PatchSiren

PatchSiren cyber security CVE debrief

CVE-2026-59218 open-webui CVE debrief

CVE-2026-59218 is an account enumeration vulnerability in Open WebUI prior to version 0.10.0. This issue allows attackers to determine if an account exists by analyzing response times during the authentication process. The vulnerability is due to the /api/v1/auths/signin endpoint looking up users by email and only performing bcrypt password verification if a credential existed. This results in measurably slower response times for registered accounts compared to non-existent ones.

Vendor
open-webui
Product
Unknown
CVSS
MEDIUM 5.3
CISA KEV
Not listed in stored evidence
Original CVE published
2026-07-09
Original CVE updated
2026-07-10
Advisory published
2026-07-09
Advisory updated
2026-07-10

Who should care

Users of Open WebUI, especially those hosting it publicly, should be aware of this vulnerability and ensure they are running version 0.10.0 or later to mitigate the risk. This includes reviewing their current deployment status, assessing potential impact, and implementing necessary updates or mitigations.

Technical summary

The /api/v1/auths/signin endpoint in Open WebUI prior to 0.10.0 was vulnerable to account enumeration.

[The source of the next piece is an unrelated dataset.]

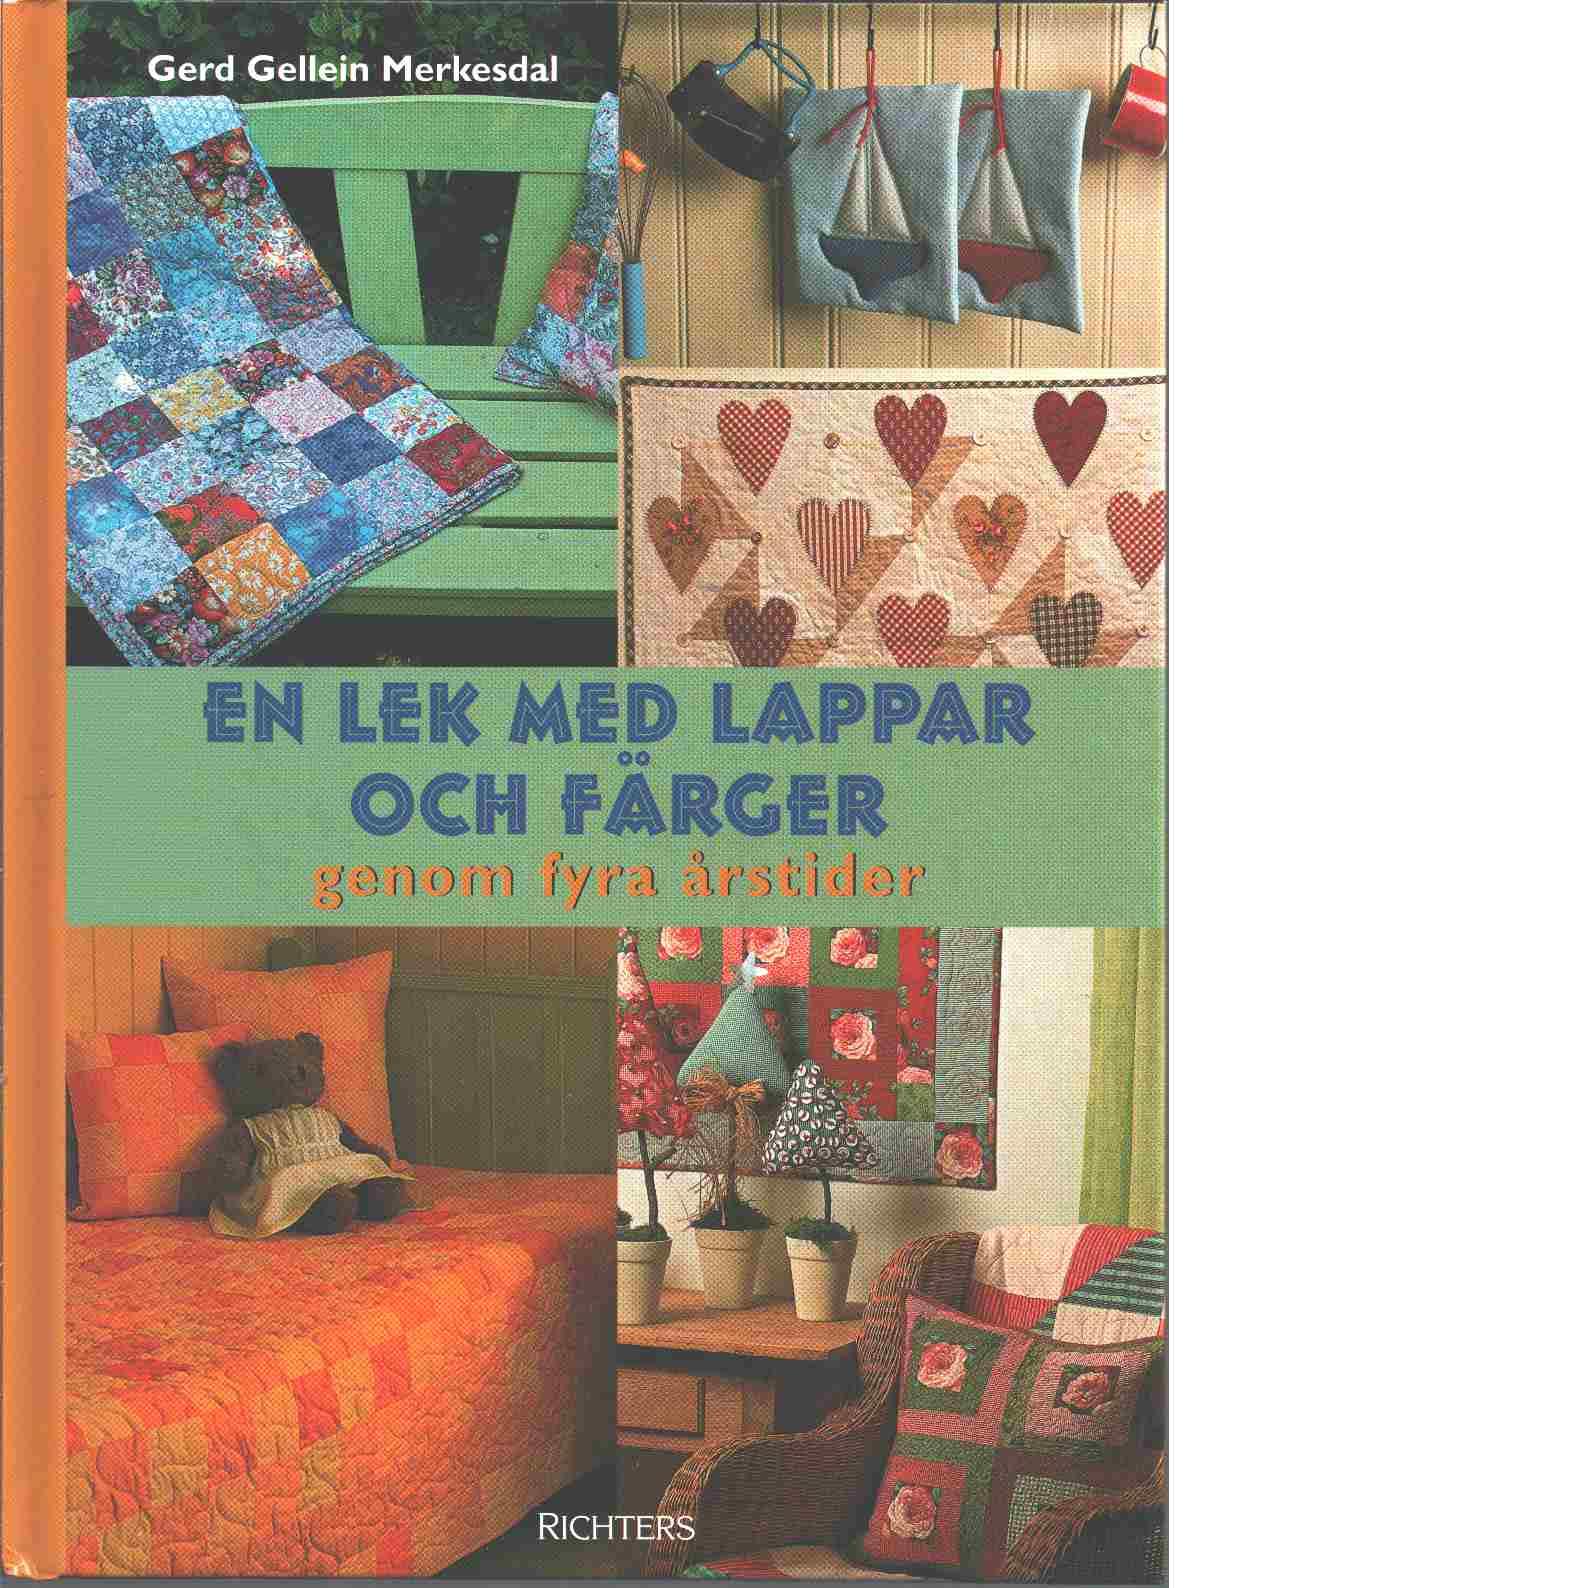 En lek med lappar och färger genom fyra årstider - Merkesdal, Gerd Gellein
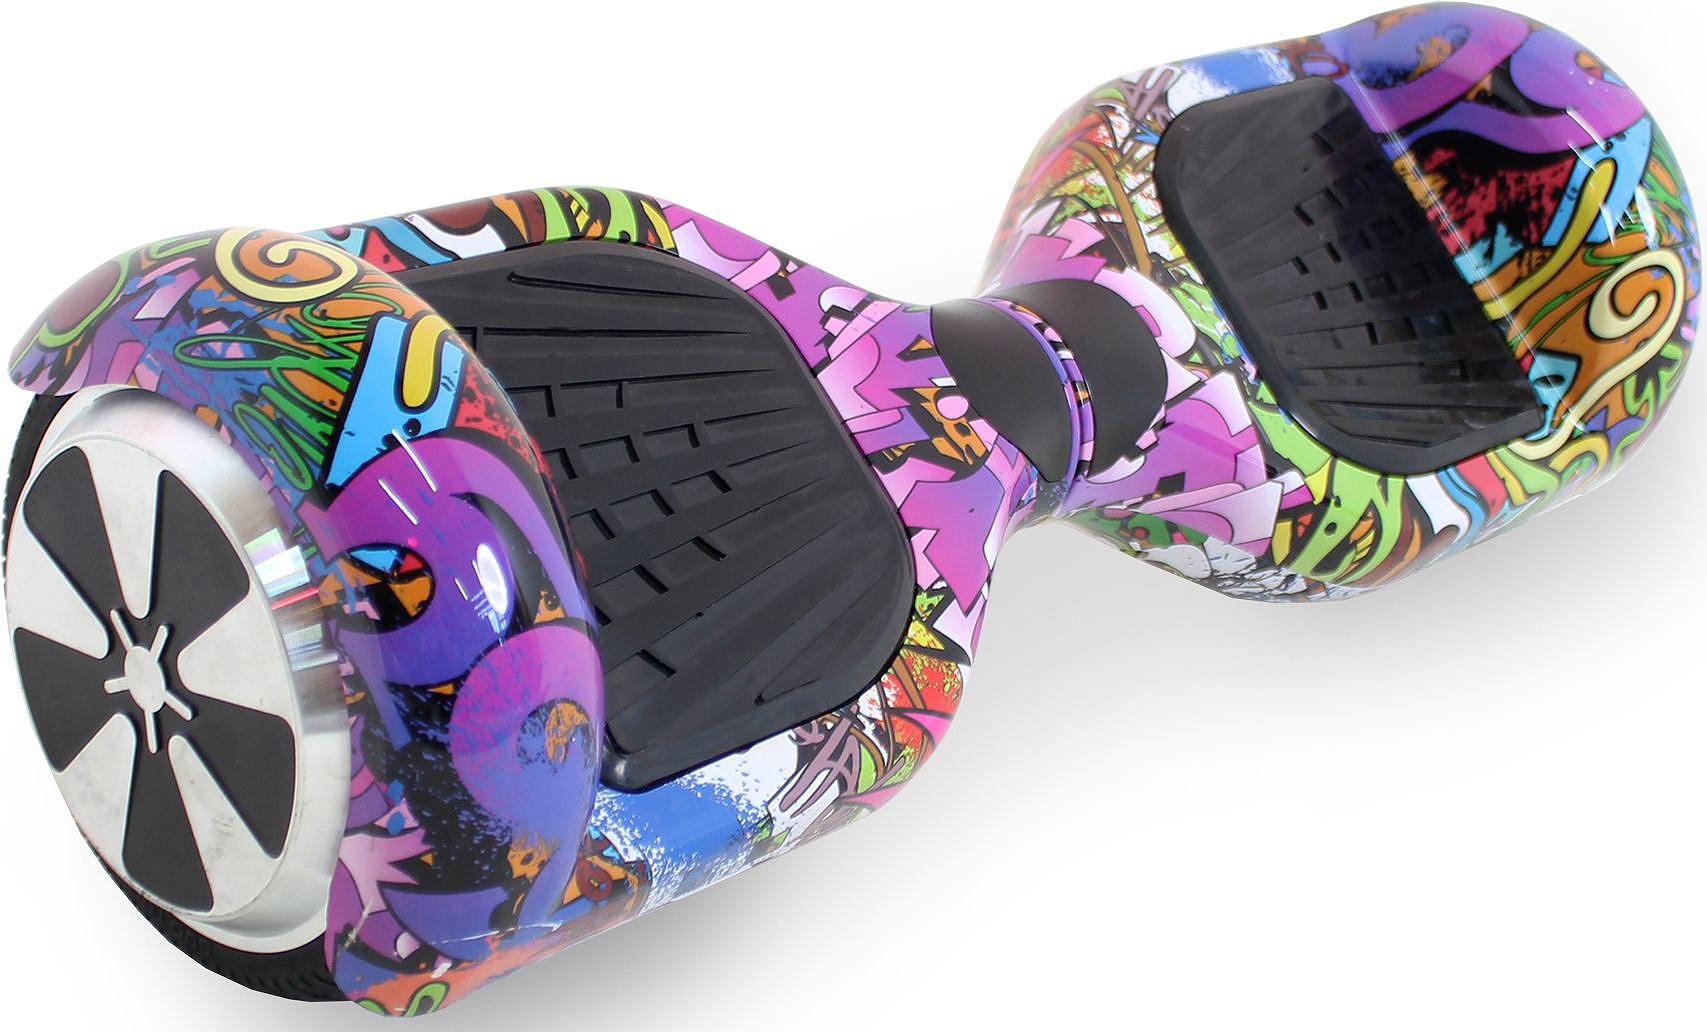 Гироскутер Hoverbot A-3 Light, цвет: Purple Multicolor (пурпурный, мультиколор)AIRWHEEL X8-170WH-WHITEГироскутер Hoverbot А-3 Light это абсолютно новое и самое современное устройство в классе 6,5 колёс. Данный гаджет оснащен очень мощным мотором и высокочувствительными датчиками. Такое сочетание характеристик дало возможность вашему А-3 Light шустро ездить по дорогам даже при максимальной нагрузке 120 кг. При производстве мы используем только самые качественные комплектующие известных производителей. Светящиеся габаритные огни сделают Вас ярче всех, а также выделят в любой тусовке!!! Так же гироскутер оснащен Bluetooth технологией и очень хорошей колонкой, просто подключите ваш гаджет к устройству и наслаждайтесь любимой музыкой на полную мощность!!! Такая модель как Hoverbot А-3 Light идеально подойдёт как для профессионалов, так и для начинающих райдеров. В комплекте идет сумка для переноски устройства и имеется пульт управления, для более удобного использования. Теперь вы всегда будете ярко выделяться на гироскутере Hoverbot А-3 Light, и наслаждаться любимой музыкой в дороге.

The endpoint would look up users by email and only perform bcrypt password verification if a credential existed. This resulted in measurably slower response times for registered accounts compared to non-existent ones, allowing attackers to enumerate valid accounts. Users of Open WebUI should review their deployment and ensure they are running version 0.10.0 or later.

Defensive priority

Medium priority due to the relatively low CVSS score of 5.3 and the need for an attacker to have network access. However, users hosting Open WebUI publicly should take immediate action to mitigate potential risks.

Recommended defensive actions

  • Upgrade Open WebUI to version 0.10.0 or later
  • Implement additional monitoring for authentication attempts
  • Consider rate limiting authentication requests
  • Review compensating controls for exposed systems while remediation is scheduled and verified
  • Check relevant monitoring, detection, and logs for exposed assets that need extra review
  • Track exceptions, retest remediated assets, and close the item only after evidence is documented
  • Confirm whether affected product deployments exist in managed environments and assign an owner for follow-up

Evidence notes

The CVE record was published on 2026-07-09T17:17:02.750Z and last modified on 2026-07-10T18:30:58.837Z. The NVD entry is currently Analyzed. The Open WebUI platform has a self-hosted AI feature set. Users should verify their deployment status and review the official advisory for affected scope and vendor guidance.

Official resources

AI-assisted PatchSiren debrief based on the supplied source corpus. The CVE record was published on 2026-07-09T17:17:02.750Z and has not been modified since then. The NVD entry is currently Analyzed.